ABOUT THIS TASK:
Copy the data below exactly, but not the pictures it contains.

━━ DATA SECTION

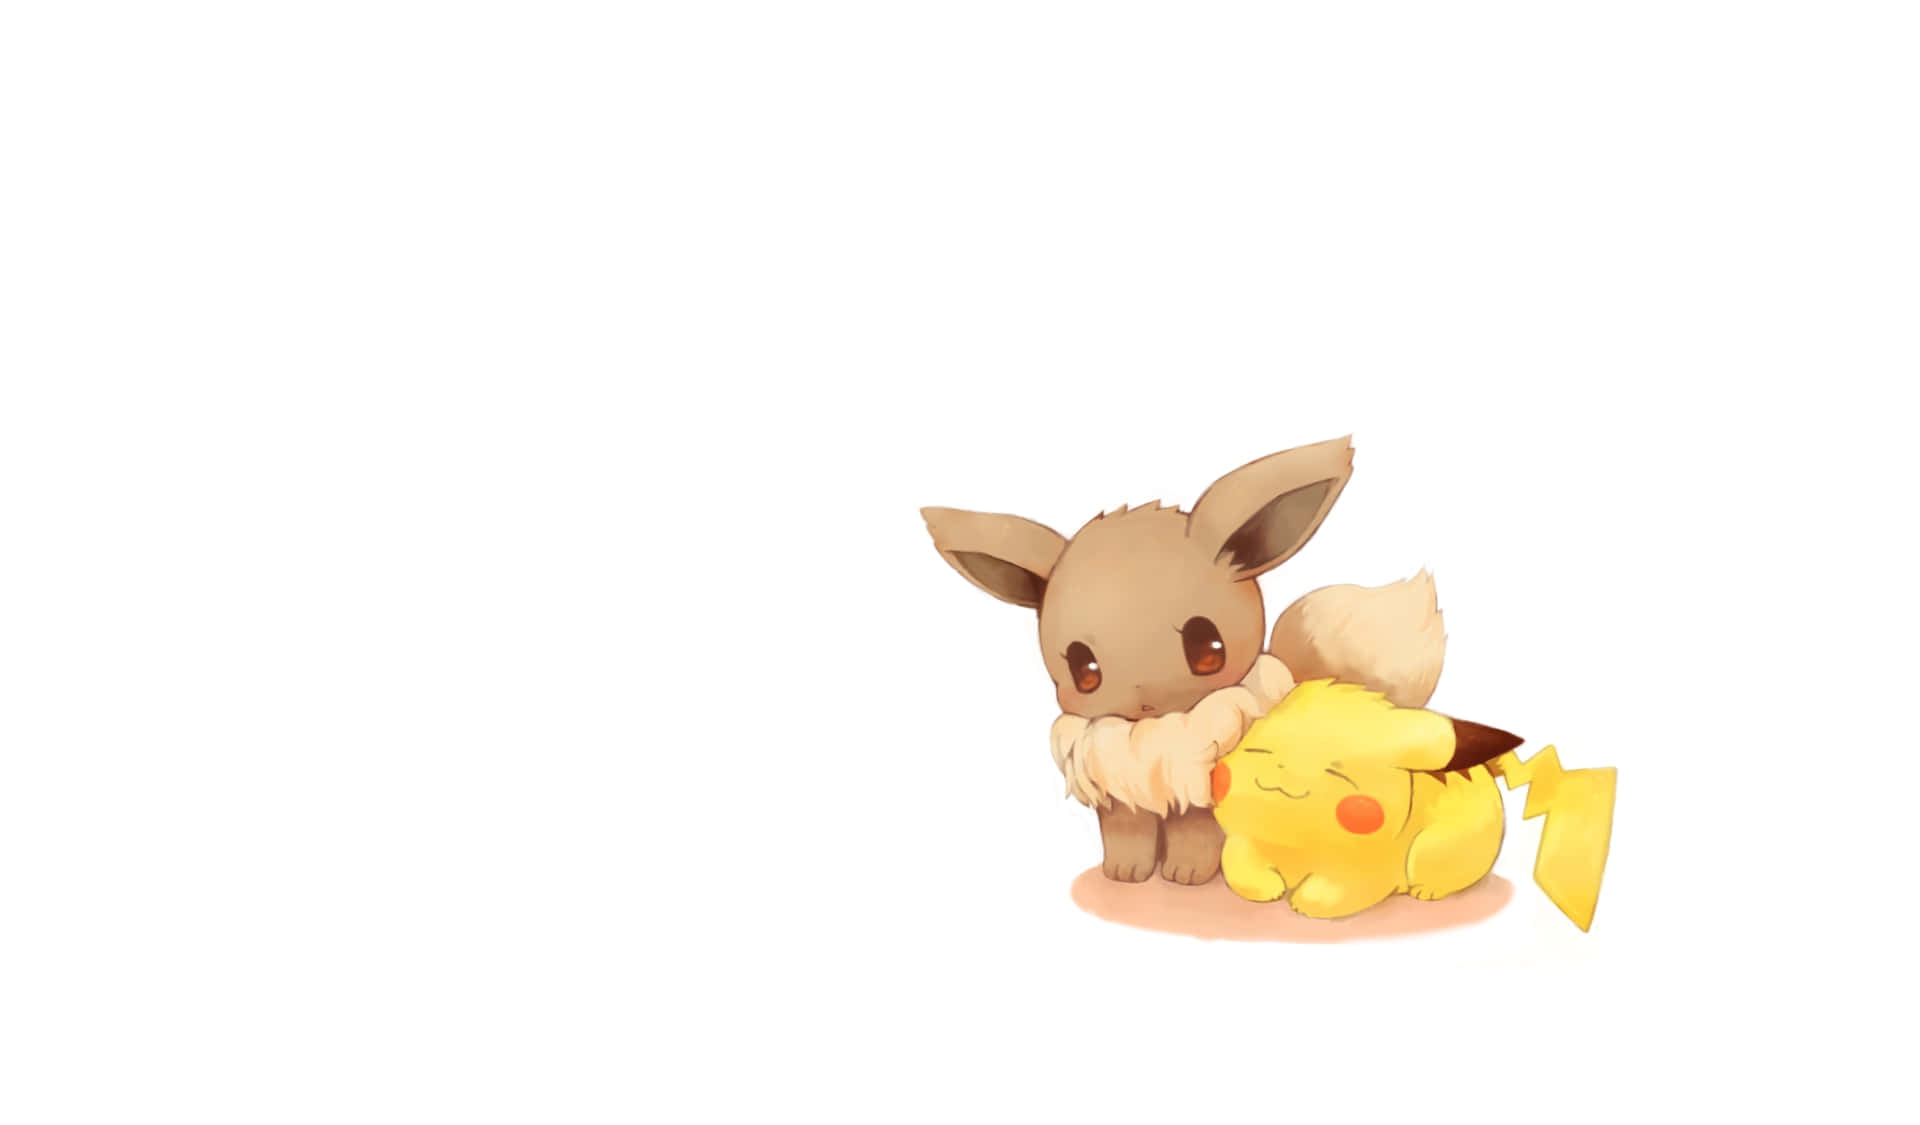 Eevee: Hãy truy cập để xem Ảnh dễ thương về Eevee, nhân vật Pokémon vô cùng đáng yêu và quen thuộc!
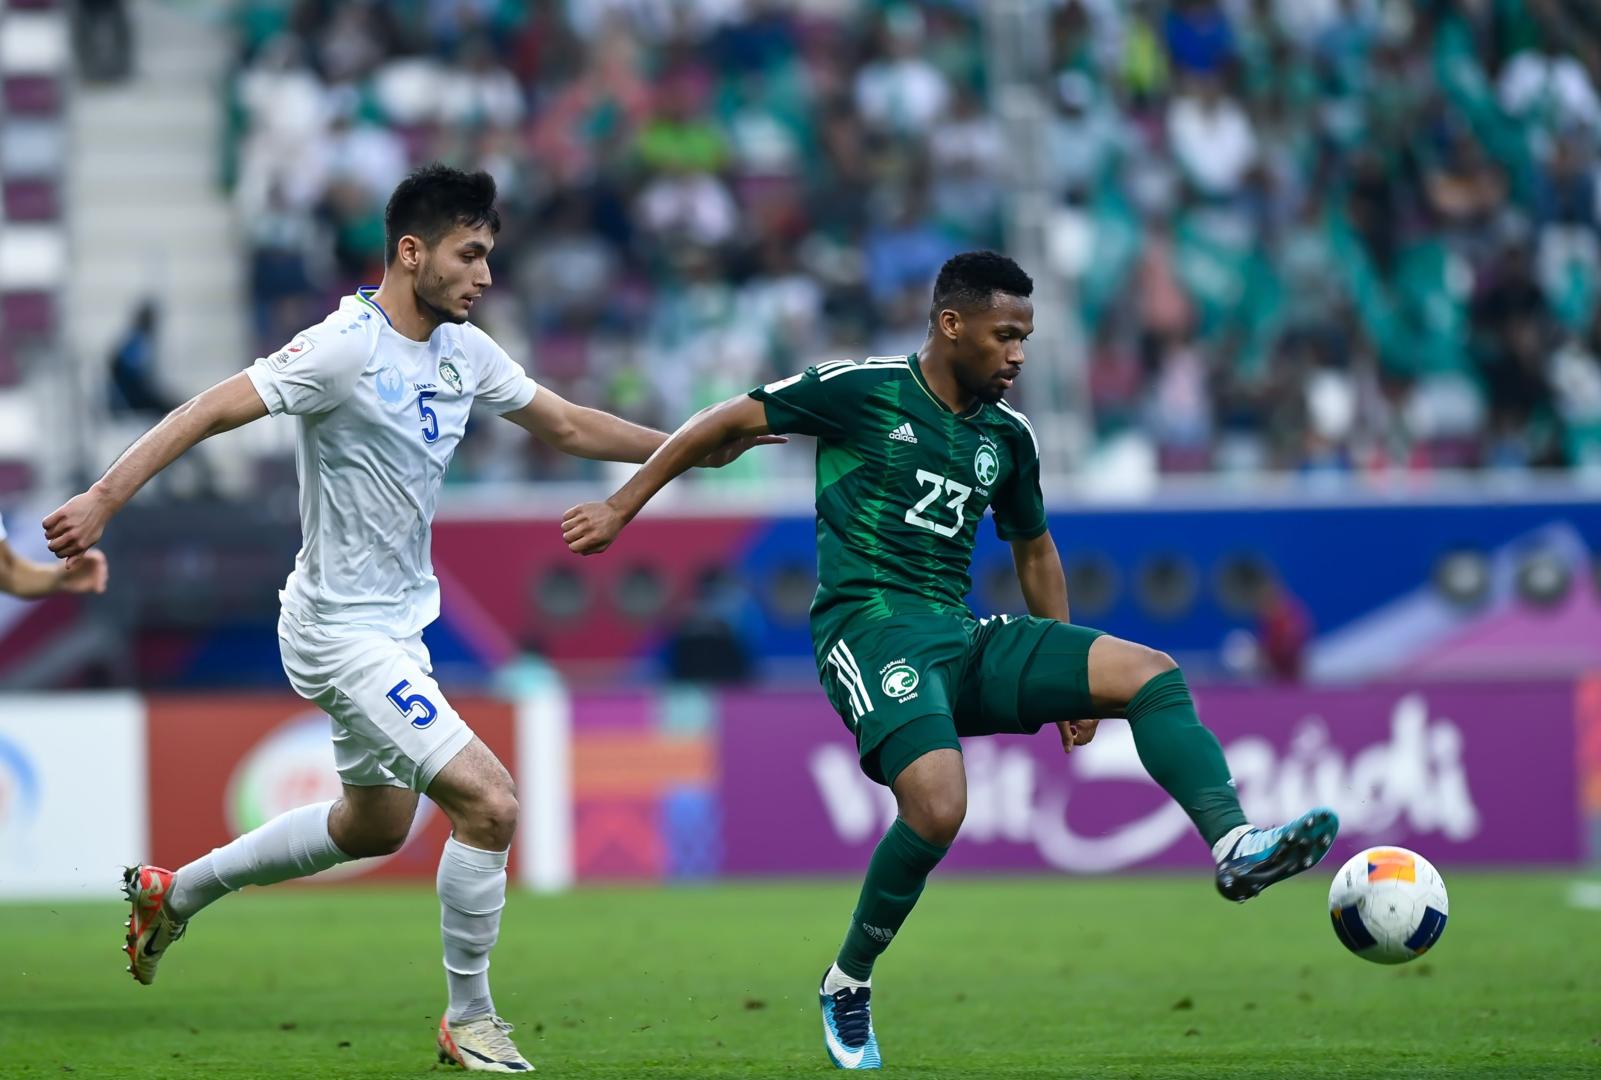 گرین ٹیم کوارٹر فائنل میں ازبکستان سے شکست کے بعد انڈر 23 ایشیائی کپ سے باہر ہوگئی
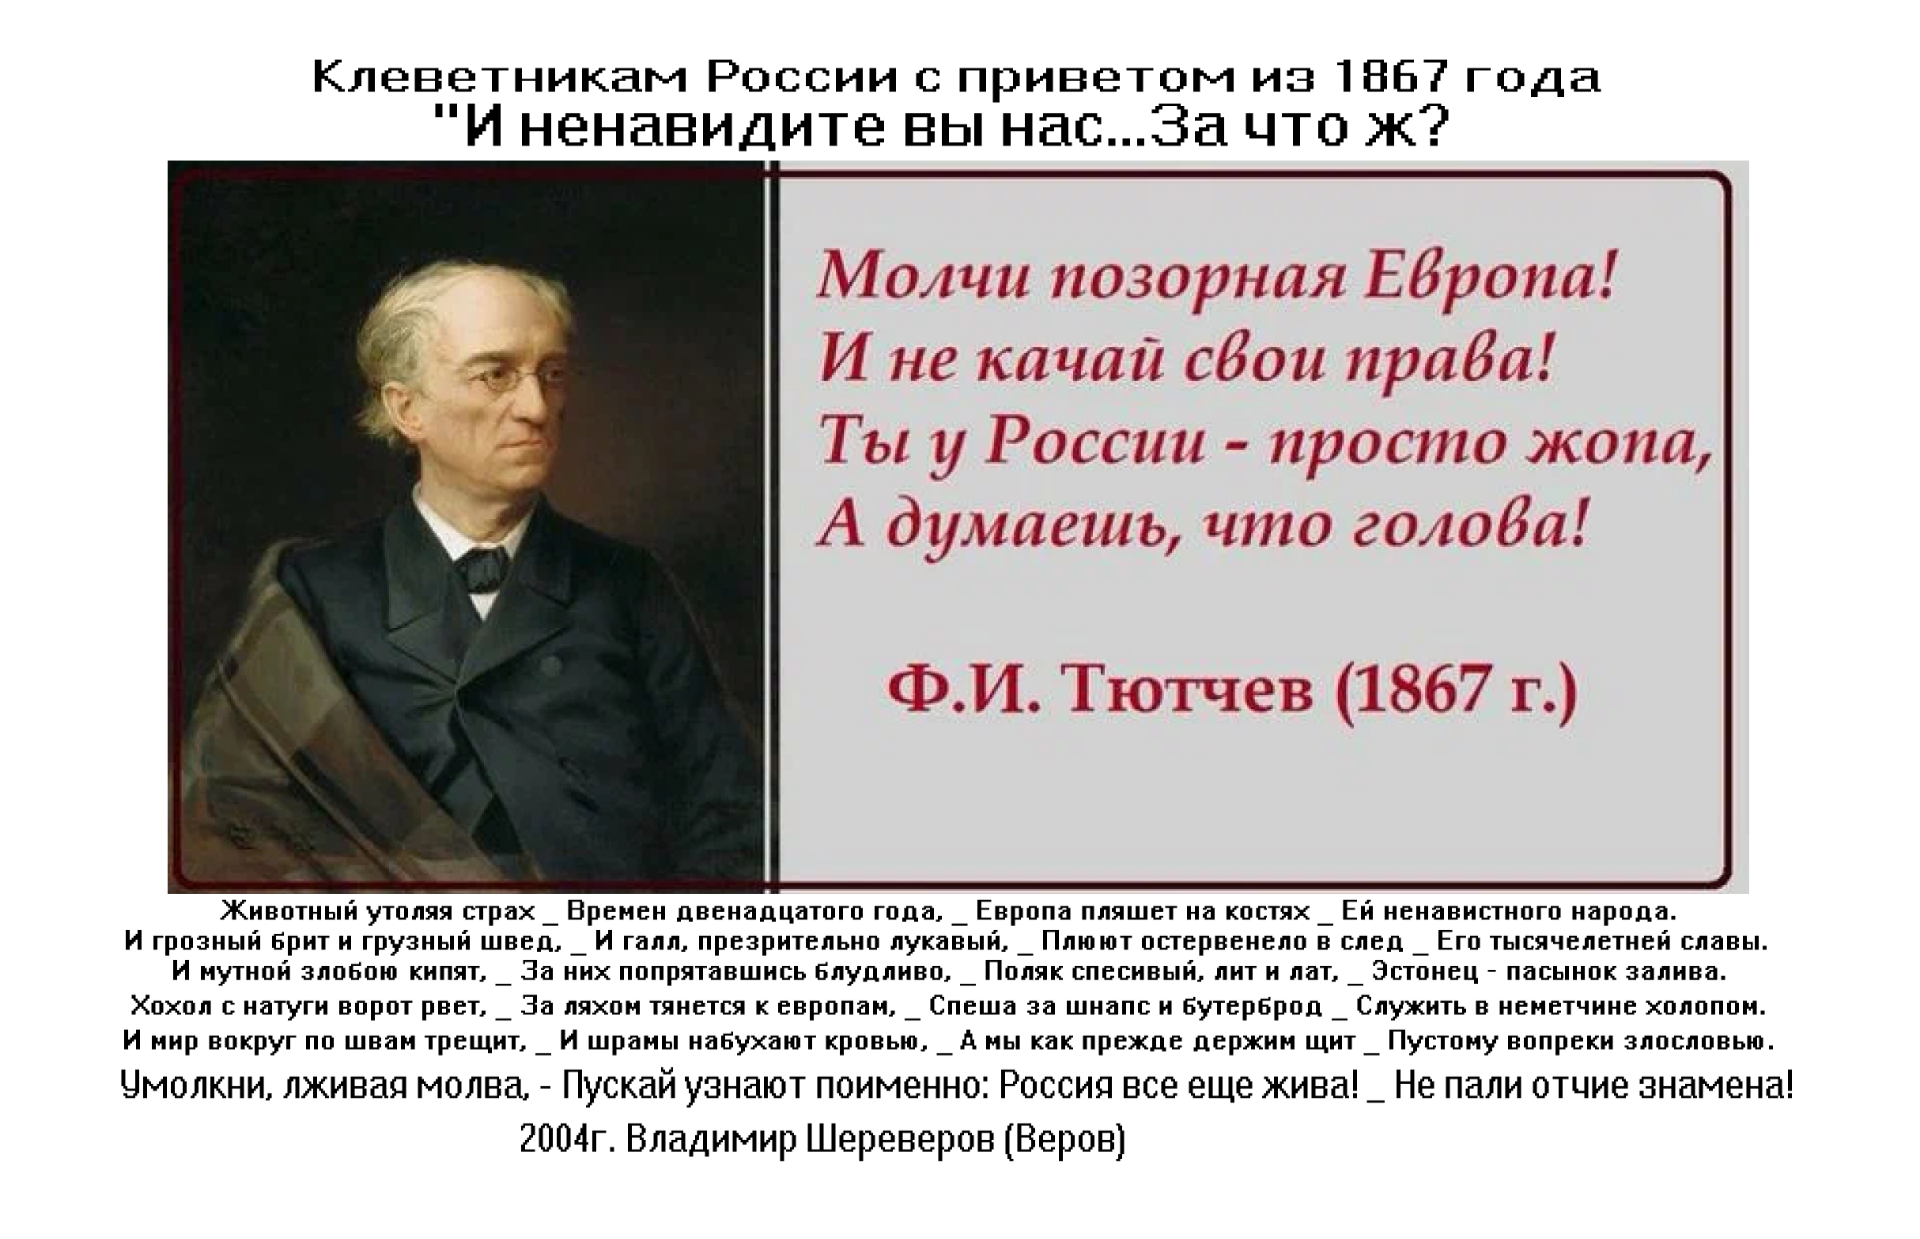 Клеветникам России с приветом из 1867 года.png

━━━━

SOLUTION TO THIS PROBLEM:
 Eevee: Hãy truy cập để xem Ảnh dễ thương về Eevee, nhân vật Pokémon vô cùng đáng yêu và quen thuộc!
 گرین ٹیم کوارٹر فائنل میں ازبکستان سے شکست کے بعد انڈر 23 ایشیائی کپ سے باہر ہوگئی
 Клеветникам России с приветом из 1867 года.png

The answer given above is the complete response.